The transformation is extraordinary. Because at $699, the S5 ZonePlayer makes a lot of iPod speaker docks look pretty silly. For starters, there’s nothing at the price that sounds better. It has five Class-D-driven drivers — the two tweeters fire slightly sideways through the curved front grille to create a good stereo image, while two 7.6cm midrange units and a 9cm bass speaker produce such richness that we actually checked the EQ settings (without getting up, through the controller) to notch the bass down. In fact we found the system comes with ‘loudness’ on as default, which many users will like; we thought things fractionally clearer without, particularly in the corner position that the S5’s angled edges fit so well.
So number one — great sound. Number two — nothing does such a good job of indexing your music collection as Sonos. Give the S5 an Ethernet link to your home network, and it will index your iTunes collections on any computer (Mac or PC), it finds Windows shares and NAS drives, then quickly generates (and regularly updates) a comprehensive artist list. And whereas most media playing systems stall on certain file-types, Sonos really does do the lot, including high-quality rarities like FLAC and OggVorbis. The only gap we could find in its arsenal was Real Audio capability, handy mainly to access BBC Listen Again content.
There’s not much in the way of buttonry on the S5 — just volume and mute, in fact. So you need a controller. The new Sonos handheld CR200 (below) is a beautiful touchscreen marvel, but Sonos also gives away its App for iPhone or iPod touch (see above). Already got one of those? Then you’ve got a free controller. And if you haven’t got one, you might prefer to buy a $289 iPod touch instead of the $599 Sonos controller — think what else you can use it for.
Either controller browses not only your shared music, but also internet radio, last.fm (which streams music programming based on an artist of your choice) and potentially other music providers like Rhapsody and Napster, if you can circumvent their current refusal to offer free services to Australia.

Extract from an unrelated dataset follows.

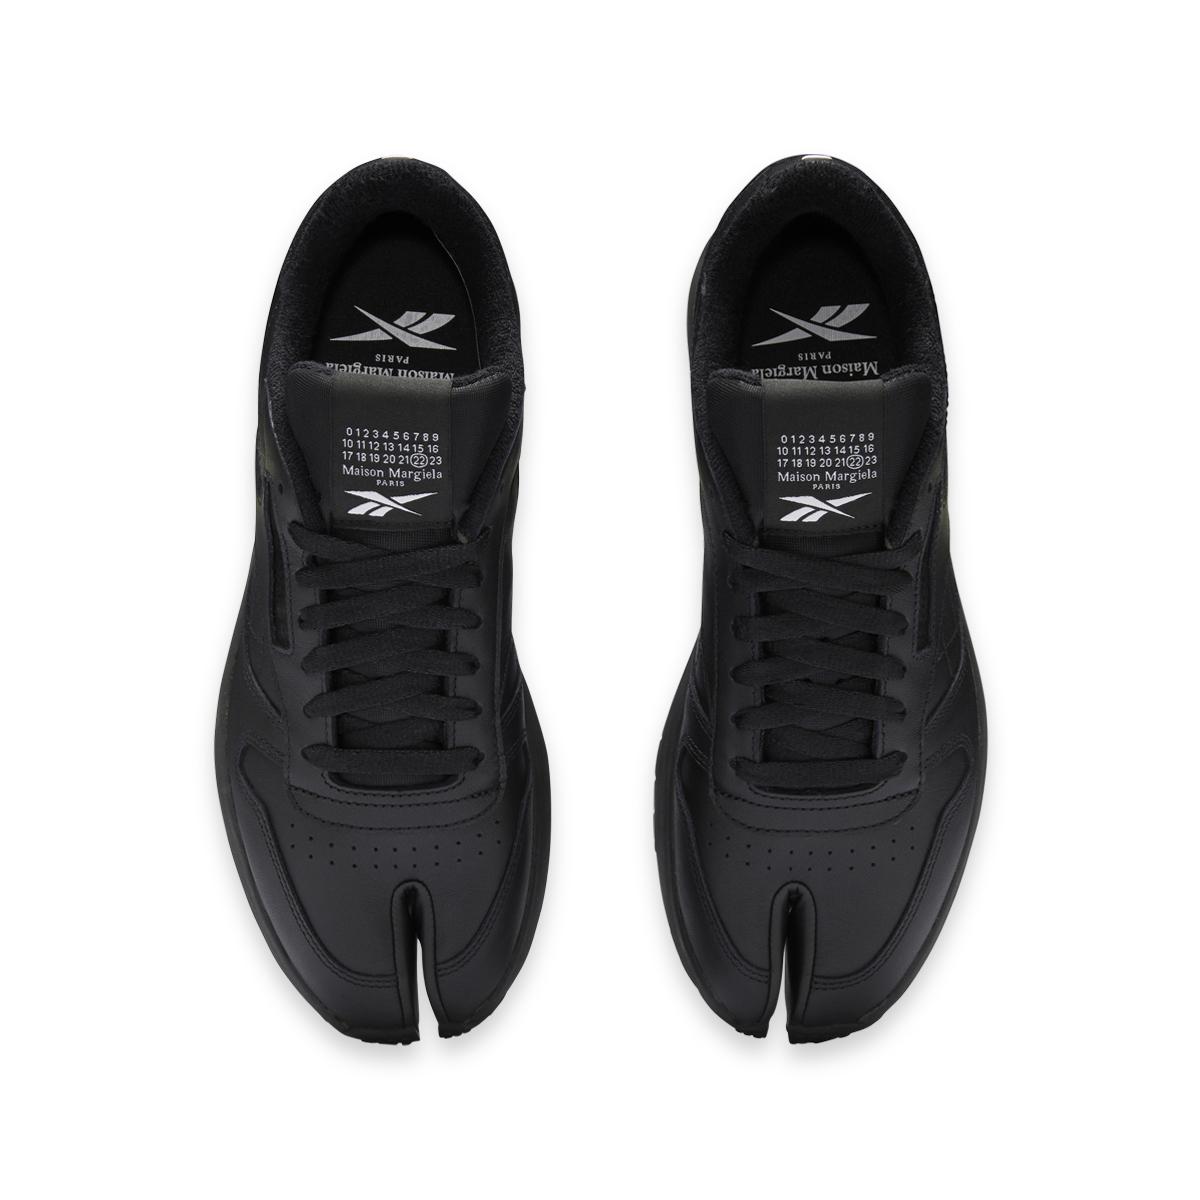 Maison Margiela X Reebok Project 0 CL Classic Leather Tabis Black Top

And so you end up like us, on a hot Sunday afternoon, scrolling through your touchscreen, which handles long artists lists with an ease unknown to most similar systems thanks to a rapid-access alphabetical scroll on the righthand edge of the touchscreen. Select tracks or iTunes playlists, add songs to the queue; you can even search through your network by folder.
Meanwhile this is just one ZonePlayer. You can build a Sonos system of up to 32 zones, should you have such a mansion to hand. Only one of them needs an Ethernet connection because the others will talk to each other through their own Wi-Fi mesh, which is entirely separate to (and generally more reliable than) your own Wi-Fi if you have it (you don’t need it, and indeed the ZonePlayers can replace it, since their Ethernet sockets will supply a network connection to anything nearby).
So an S5 in each room? Or the smaller ZonePlayer modules — the ZP120 has amps inside so you just add a pair of stereo hi-fi speakers. The ZP90 provides just analogue or digital pre-outs which you can feed into an existing amplifier, receiver, anything with a suitable input.
And every Sonos controller or iPhone can control the entire system, as can any PC or Mac running the free Sonos controller software. Zones can be combined and synchronised (and synchronised properly, another rare feat); all zones can play the same thing or something different in every room. Each ZonePlayer has an auxiliary input — and any other ZonePlayer can play any auxiliary input!
What’s wrong with it? The virtual text-entry keys on the Controller 200 touchscreen are just a tad small for our thick fingers. If you’re going to stream a lot of internet radio or music services, remember to watch your ISP data allowance (with heavy use you might pull 3-4GB a month).
And er, that’s it. There is, to be frank, nothing else we know to touch the Sonos system’s ease of use and intelligence, and for most users, the S5 is the perfect expandable introduction. Don’t think twice.